Dennis O’Driscoll remembered

Denis O’Driscoll’s ‘Contribution to the Sum of Civilisation’

Ft Kevin Hegarty

There seems little connection between the grace of poetry and the gritty reality of the Revenue Commission. Yet both streams met fruitfully in the person of Dennis O’Driscoll who died suddenly on Christmas Eve.
In his civil service work, from which he retired in the past year, O’Driscoll specialised in ‘death duties, stamp duties and customs’!
He wrote elegantly of the relatively anonymous middle class world he inhabited: “we are a cautious, conscientious bunch on the whole, well-intentioned,  middle of the road, always aware there are two sides to every story, family men in anoraks and belted raincoats, night classing woven with sensible shoes, church fund-raisers and sports club secretaries, stalwarts of the pub quiz and the amateur drama circuit. On a commuter train you can distinguish us from the business classes, our footwear less shined, our creases less sharp, our cases less chic. On the roads our tarnished Escorts and Fiesta’s are never mistaken for company cars”!
In his poetic life he produced nine collections and a compendium of essays and reviews. He wrote regularly for Irish and international literary journals. Five years ago, a book of his interviews with Seamus Heaney, entitled ‘Stepping Stones’ was published. It is a care text for all explorations of the work of the Nobel Laureate.
O’Driscoll once said that poetry is a ‘just squeezed from the fruit of experience’. His own poetry reflects this aphorism. A fellow poet Gerard Smyth offers this critique of his work: “For Dennis poetry was to be found in the supermarket aisle and the re-cycle bin. The middle-class hues of the new estate and the rituals of the office were among his preoccupations. He was a keen-eyed observer of life at its most fragile - its last chill breath”.
O’Driscoll was born in 1954. His earliest formative experiences were in the town of Thurles where he grew up - a service centre for its rich rural hinterland, the centre of Catholicism in the archdiocese of Cashel and the mecca of hurling in Tipperary.
He did not share in this popular passion.
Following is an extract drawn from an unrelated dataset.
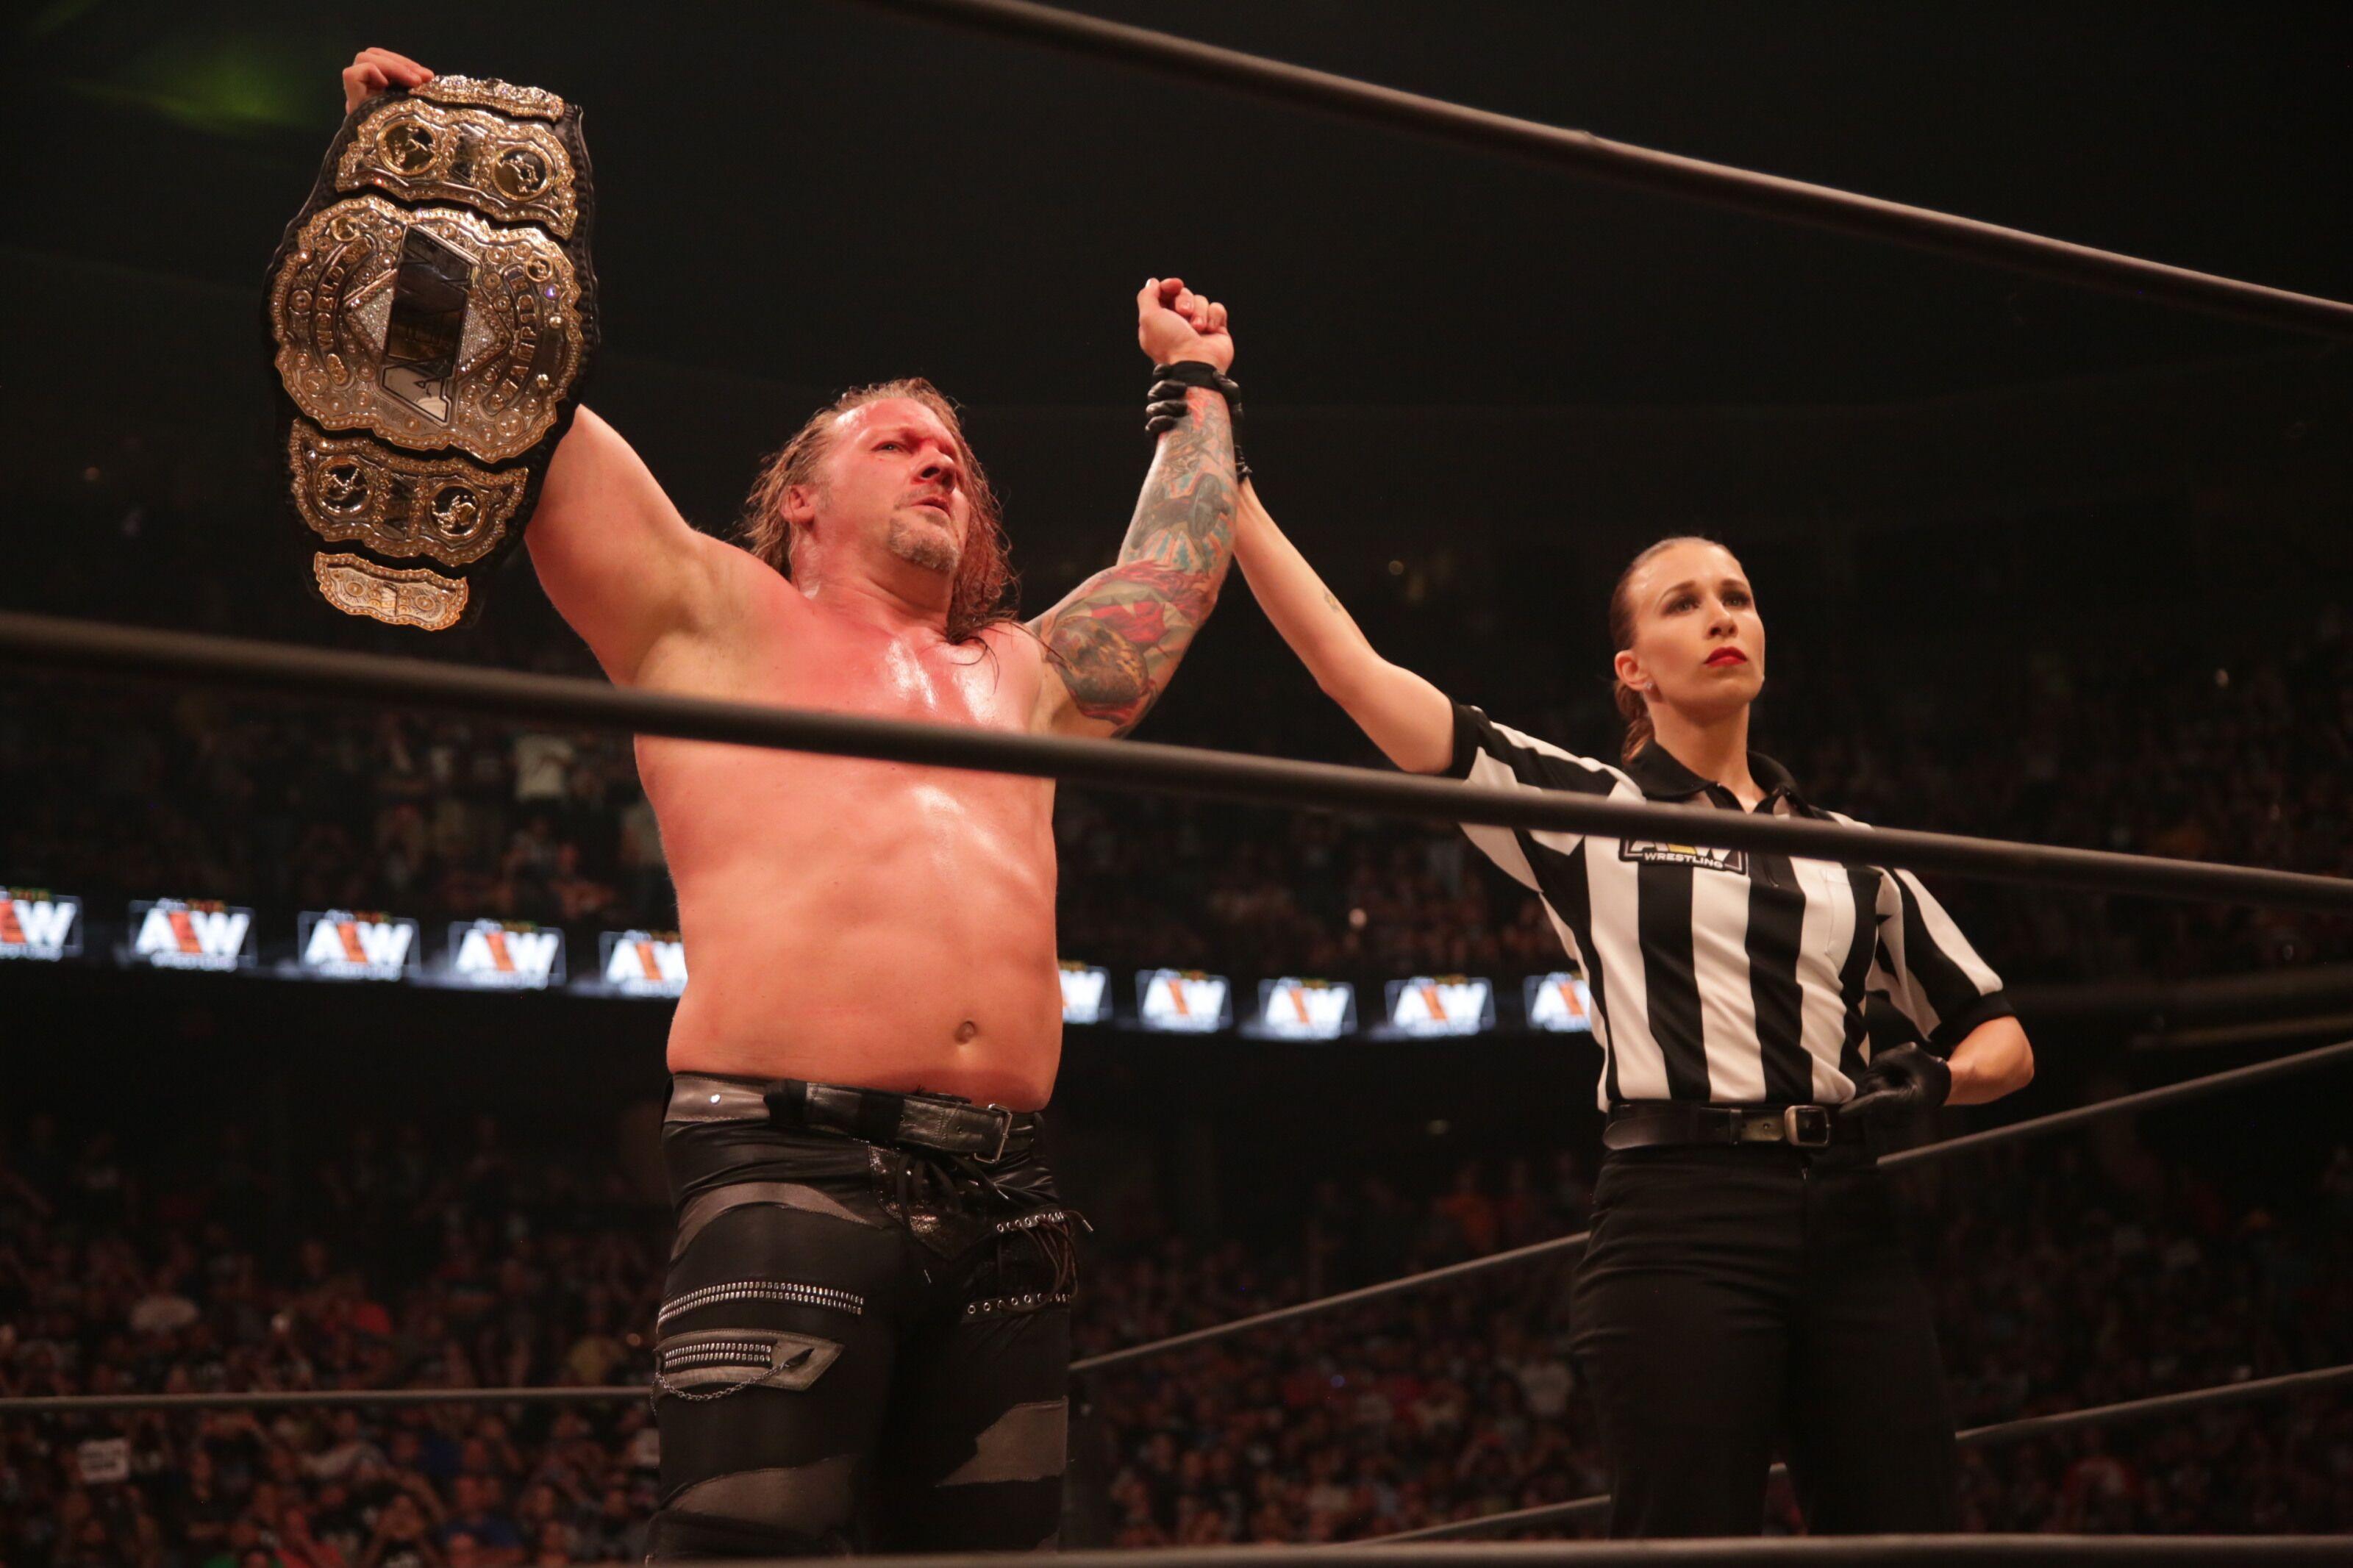 Chris Jericho's missing AEW World Championship title found

He ruefully admitted that he was not much of a hurler. He reminisced once about his short involvement in the game.
“I would make one or two asthmatic runs after a ball to stay warm during school sports sessions in the railway field. After a few wild swipes at the air with my stick (more Christy Mahon than Christy Ring) cries of ”keep out of the way Driscoll”, would reach me from a contemptuous full-forward and I would retreat to the sideline”.
It was a traditional world. Everyone knew everyone else and everyone know his or her place. One thinks of Frank O’Connor’s wry observations that in those days. “An Irish persons private life began at Holy head. Yet change was on the way.
As Seán Lemass’s government began to open Ireland to the wider world, modernity began to break in. O’Driscoll remembered Rolling Stones clones playing guitars at local talent competitions while Simon and Garfunkel filled the youth club with the sound of silence.
The town also had a vibrant and adventurous amateur dramatic tradition. O’Driscoll, whose fascination with literature began with Enid Blyton, was so thrilled by a local production of Samuel Beckett’s “Waiting for God” at the age of 15 he wrote to this reclusive Irish writer in Paris, encouraging him to keep up the good work. Beckett probably amused by this youthful precocity, sent him a signed limited edition of one of his plays.
O’Driscoll has sometimes been compared to Philip Larkin, one of the major English poetic voices of the 20th century. They both shared a talent for the mordent evocation of ordinary experience.
There are similarities too, in their reflections on contemporary religious belief. Larkin lost faith in God. For him religion was a “vast, moth-eaten musical brocade, created to pretend we never die”. Yet he continued to visit old churches. Despite his own lack of belief he described churches as serious places, “In whose blent air all our compulsions meet, are recognised and robed as destinies. And that much never can be absolute”.
O’Driscoll’s early life was steeped in traditional Catholicism. Life experience and the complexities of modernity caused him to question the simple clarity of the faith he inherited. He wrote frequently of the absence of God: “God is well and truly dead and buried” his name no longer raised in polite company, mystery solved. Case closed. Yet he also wrote powerfully of “Missing God” in a long poem with that title which is well worth seeking and reading.
There is much to rejoice in and reflect on in the poetry of Dennis O’Driscoll. At his funeral Mass Seamus Heaney aptly described him as a many of no airs but many graces. In his relatively short life he did the important thing. He contributed to the sum of civilisation.